Electrical circuits based on DNA could soon become a reality. Computer circuits could be designed based on the genetic structure of all living beings, providing processors significantly faster than current technology.

Computers have become smaller over the last sixty years, as well as more powerful. Transistors are critical to the operation of the machines, but a minimum distance between the components is required to prevent interference between the devices. This has limited designers from creating processors much smaller than modern technology.

Molecular electronics could get around this challenge, if researchers could find a way to develop molecules that self-assemble into complex circuits. So far, that has not been achieved by any of the groups working on the task. The only molecules that self-organize in complex forms in nature are DNA, making these structures obvious choices for researchers looking to develop electrical processors. However, no large DNA molecules have been successfully shown to carry an electrical signal in a manner which could prove useful in a processor.

Hebrew University of Jerusalem researchers collaborated with other scientists from around the world to develop four strands of DNA capable of carrying such a charge.
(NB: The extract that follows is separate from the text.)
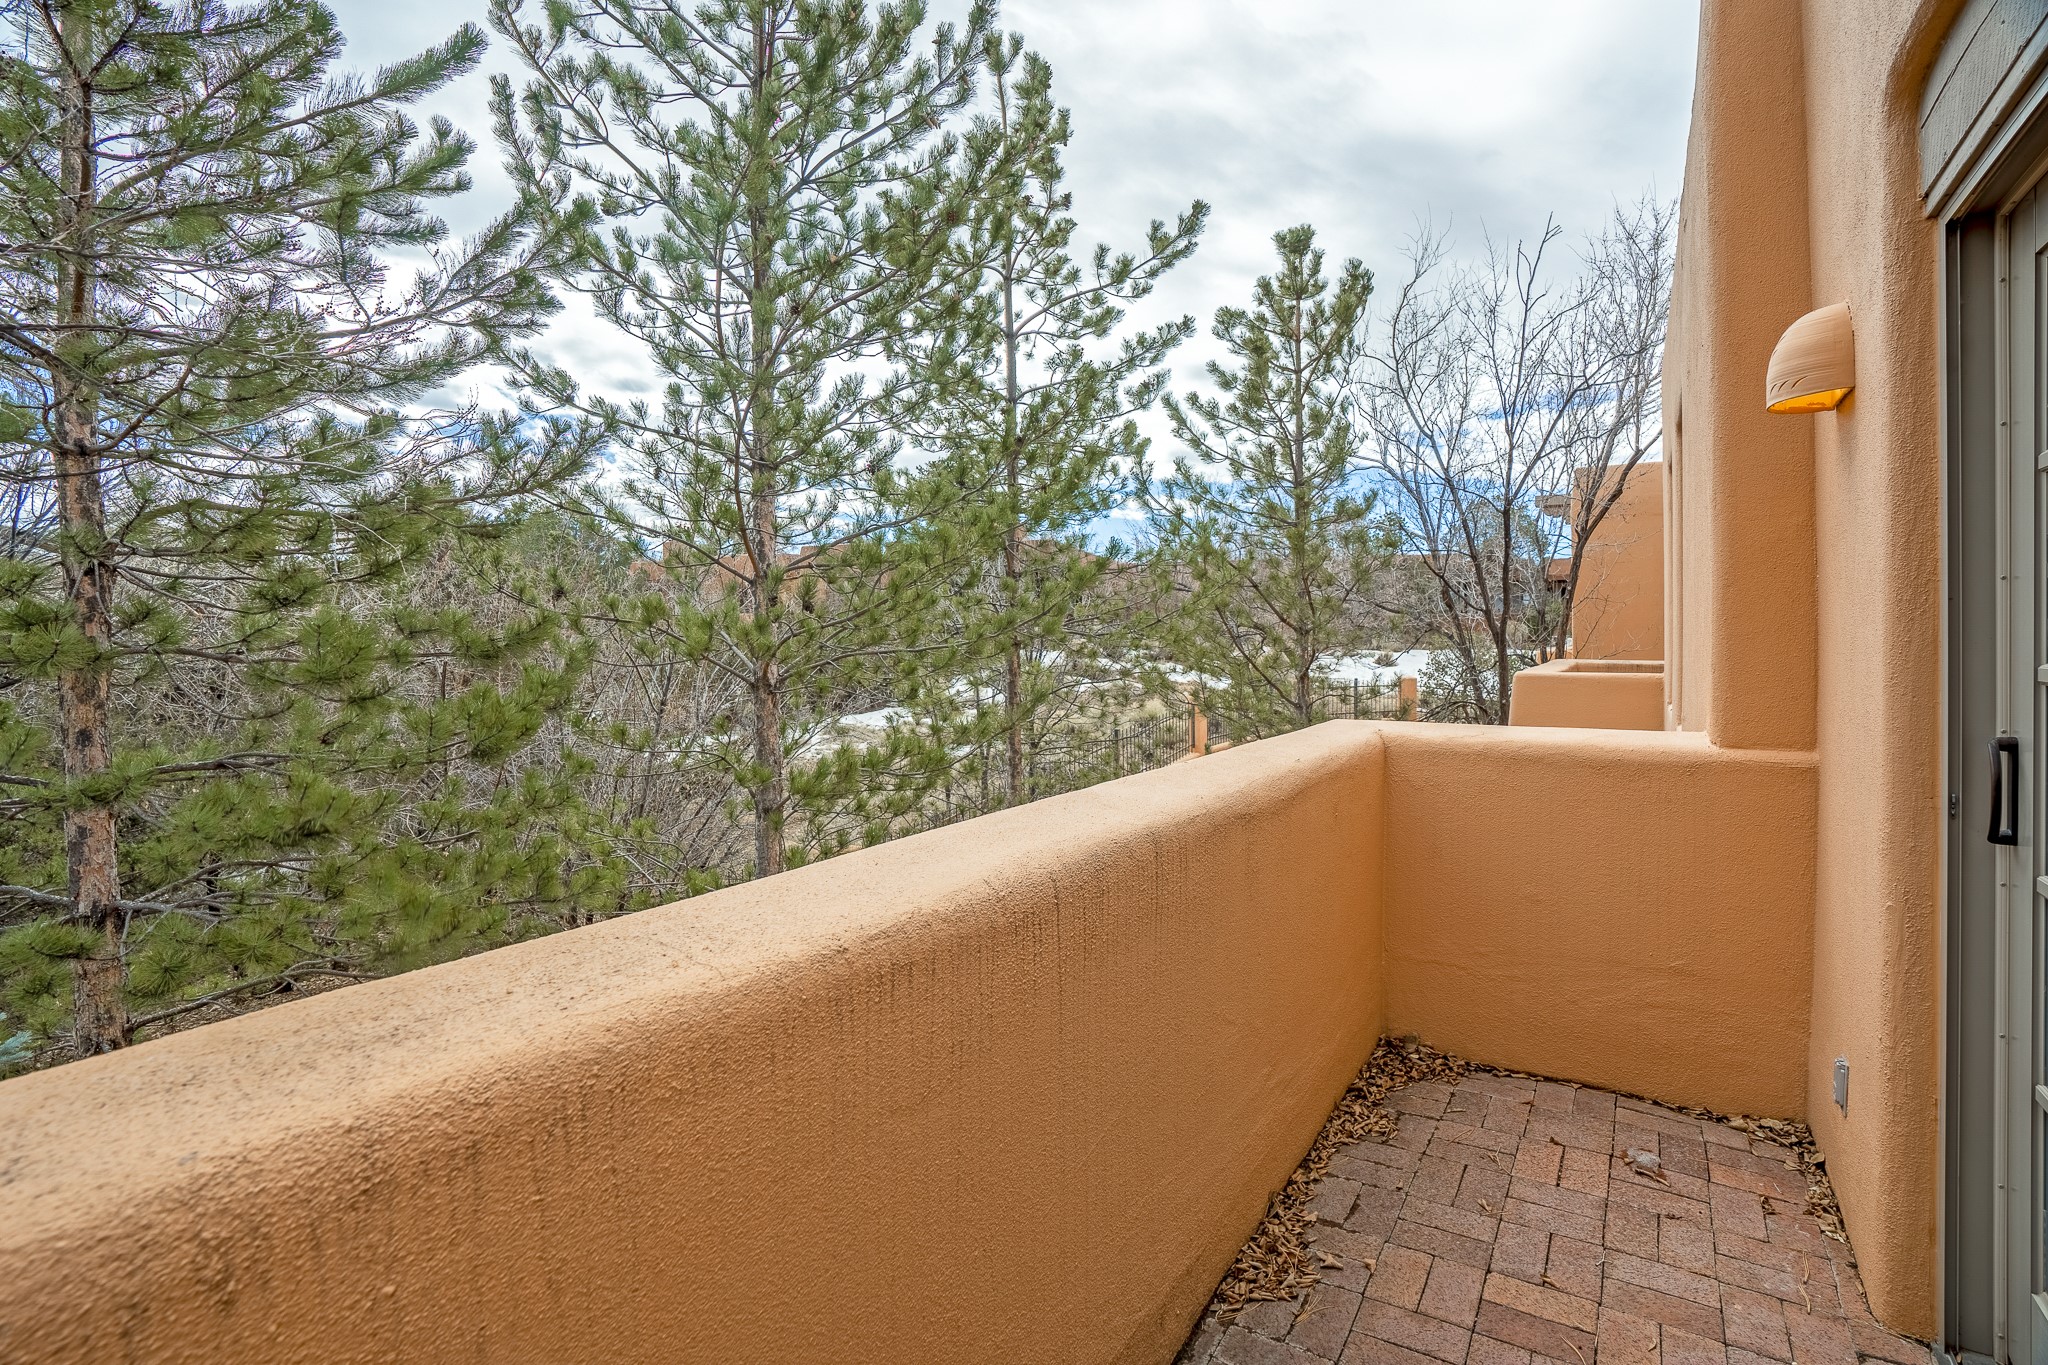 3101 Old Pecos Trail 245, Santa Fe, New Mexico 87505, 2 Bedrooms Bedrooms, ,2 BathroomsBathrooms,Residential,For Sale,3101 Old Pecos Trail 245,202334859

"This research paves the way for implementing DNA-based programmable circuits for molecular electronics, which could lead to a new generation of computer circuits that can be more sophisticated, cheaper and simpler to make," Danny Porath of the Hebrew University of Jerusalem said.

Researchers believe this could be the greatest breakthrough in DNA-based electrical circuits in the last ten years.

The molecules were designed by a team headed by Alexander Kotlyar of Tel Aviv University. Gideon Livshits, a doctoral student under Porath, performed measurements of the DNA circuits. Additional input was provided by investigators in the United States, Denmark, Italy, Cyprus, and Spain.

This research could bring DNA back to the forefront of research in materials science. If transistors made of genetic code are formed into a processor, it could herald a new age of microelectronics. By bringing the microscopic transistors close together, additional circuits could fit on a chip, allowing parallel processing, increasing system speed.

In 2013, a group of researchers used DNA to form a transistor constructed from graphene, which could itself yield a separate revolution in computer technology. The genetic code is also utilized to create DNA field-effect transistor (DNAFET). These biosensors are used to detect genetic disorders, including heredity diseases. They can also be utilized for genetic sequencing.

Development of the breakthrough molecular circuit was detailed in the journal Nature Nanotechnology.